GIVEN INFORMATION:
:::
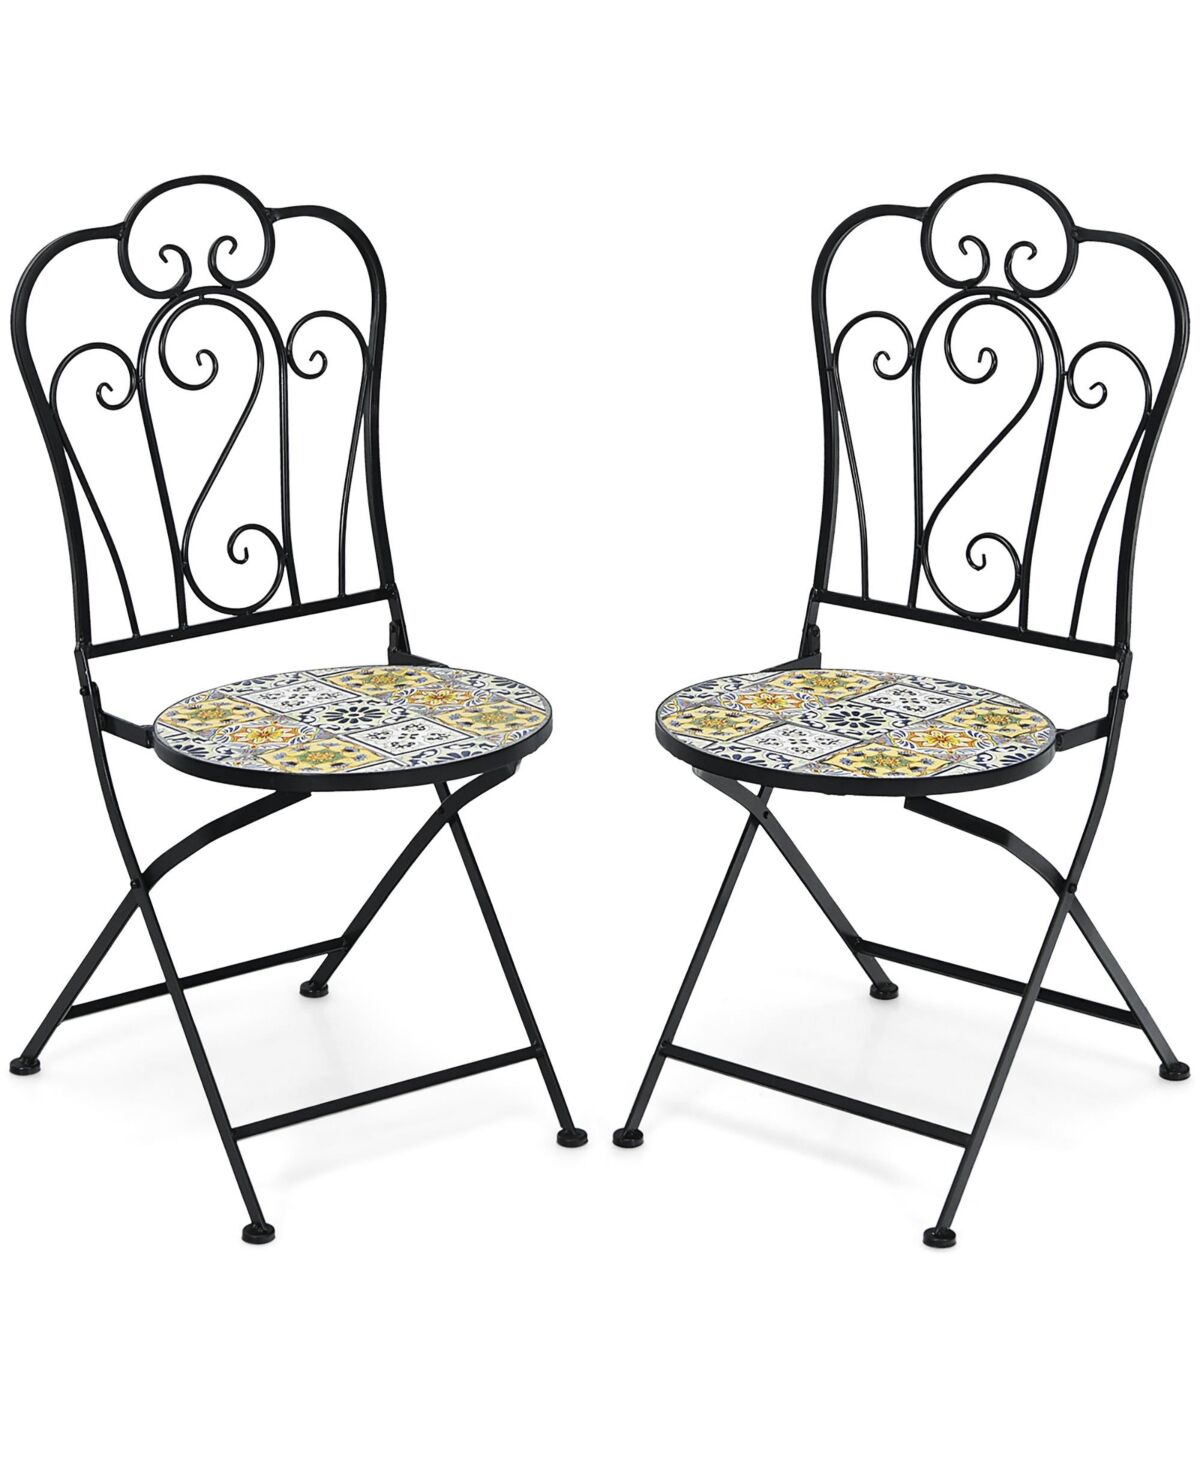 Costway 2PCS Patio Folding Mosaic Bistro Chairs Flower Pattern Seat Garden Deck - Black
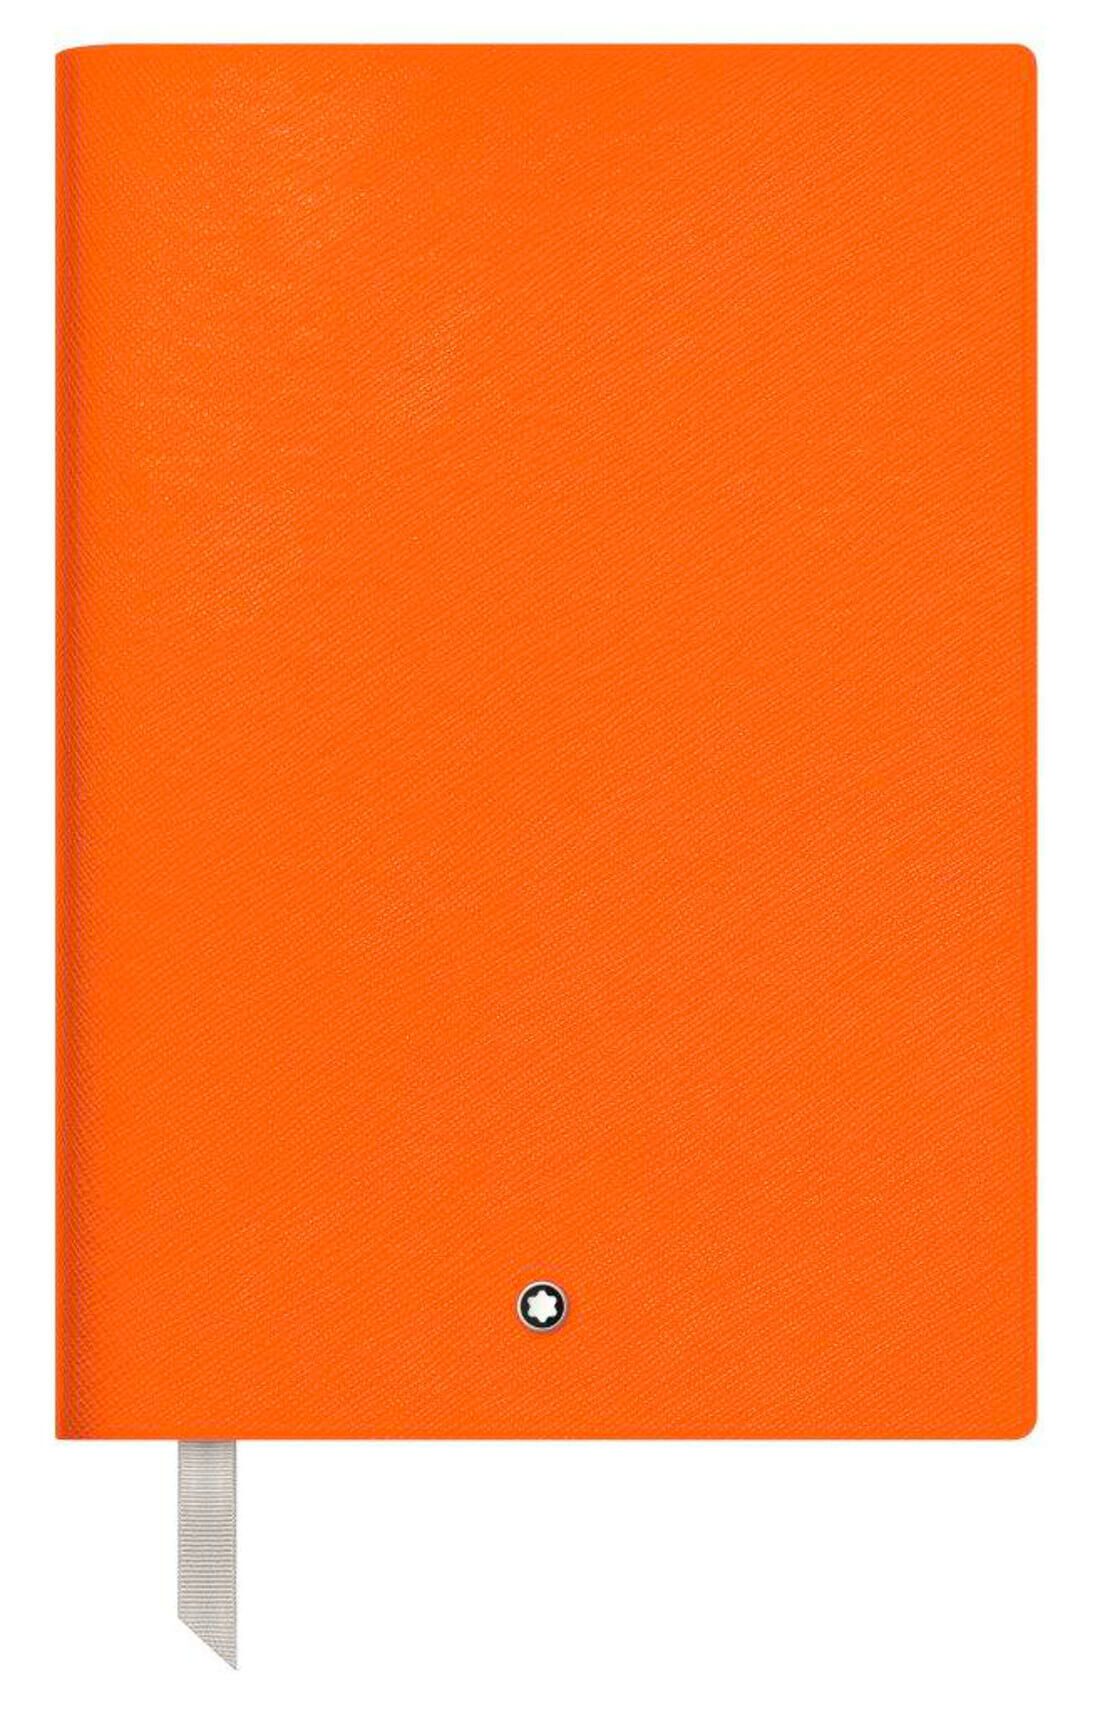 montblanc-fine-stationery-notebook-146-lucky-orange-116225
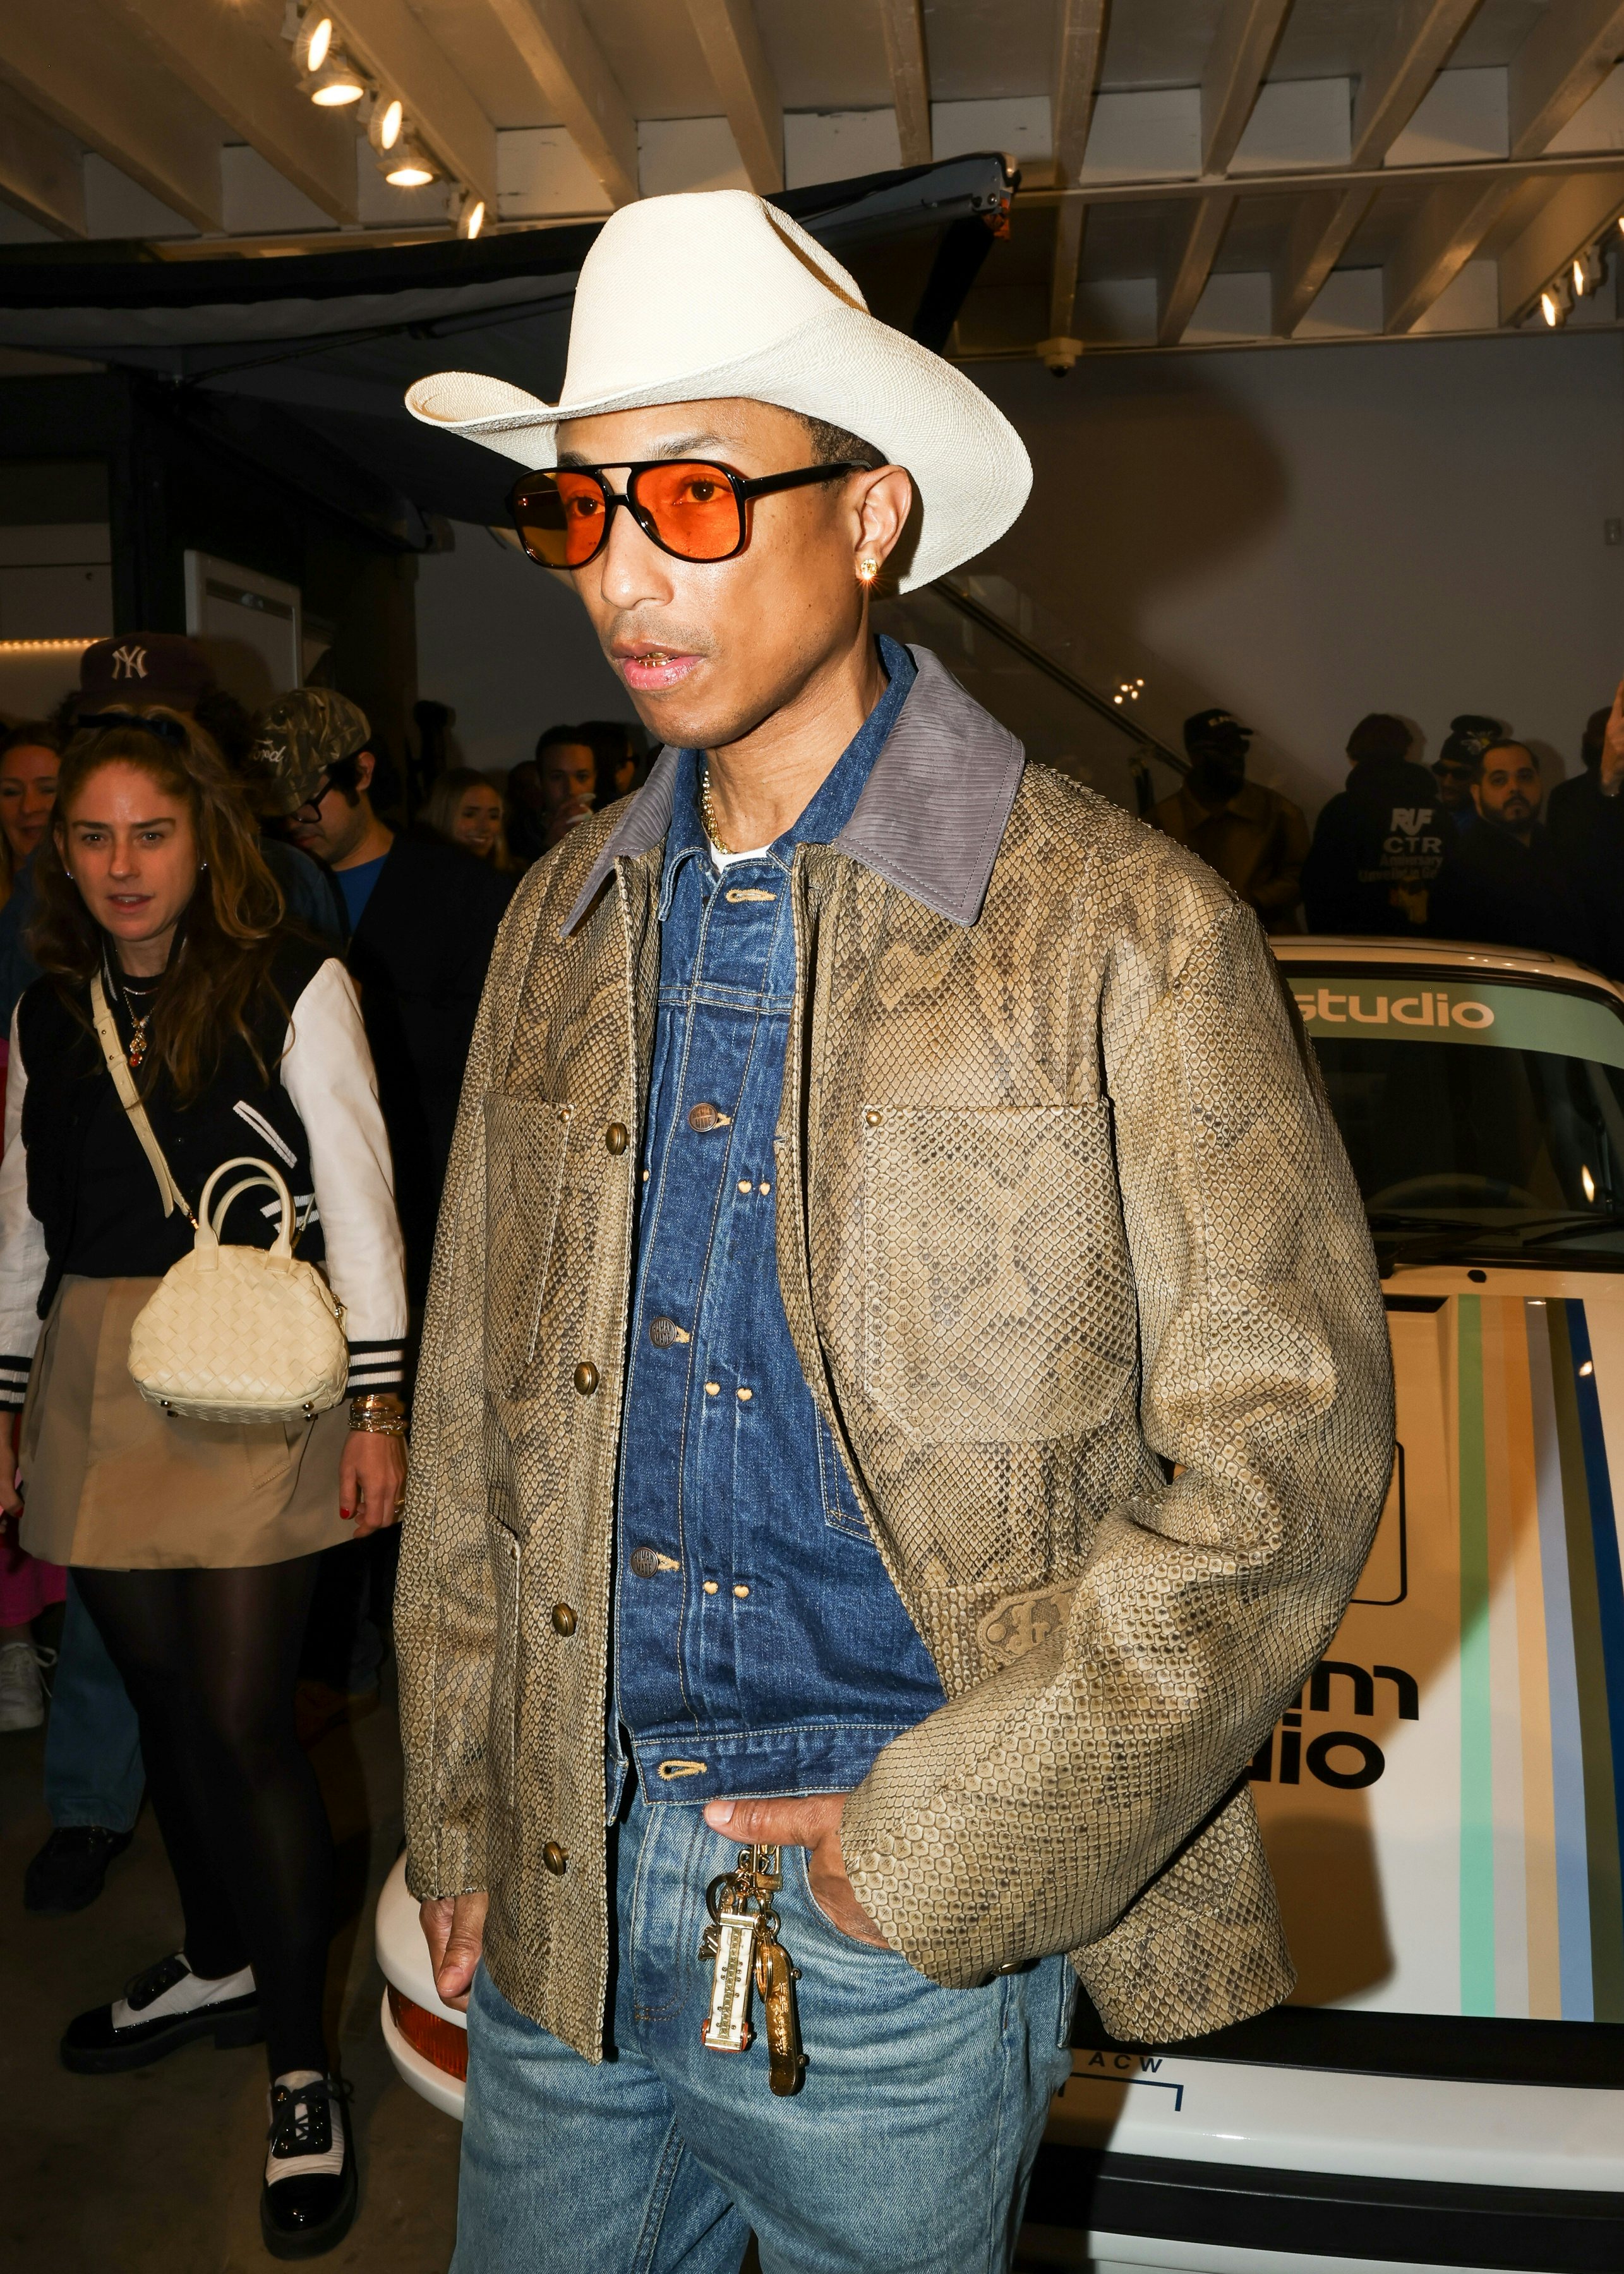 Pharrell Williams at the Joopiter ‘Joyride’ auction launch event in New York. Photo: Joopiter
:::
ACTIVITY: Give back all the material exactly, with no pictures.

ANSWER TO THIS PROBLEM:
 Costway 2PCS Patio Folding Mosaic Bistro Chairs Flower Pattern Seat Garden Deck - Black
 montblanc-fine-stationery-notebook-146-lucky-orange-116225
 Pharrell Williams at the Joopiter ‘Joyride’ auction launch event in New York. Photo: Joopiter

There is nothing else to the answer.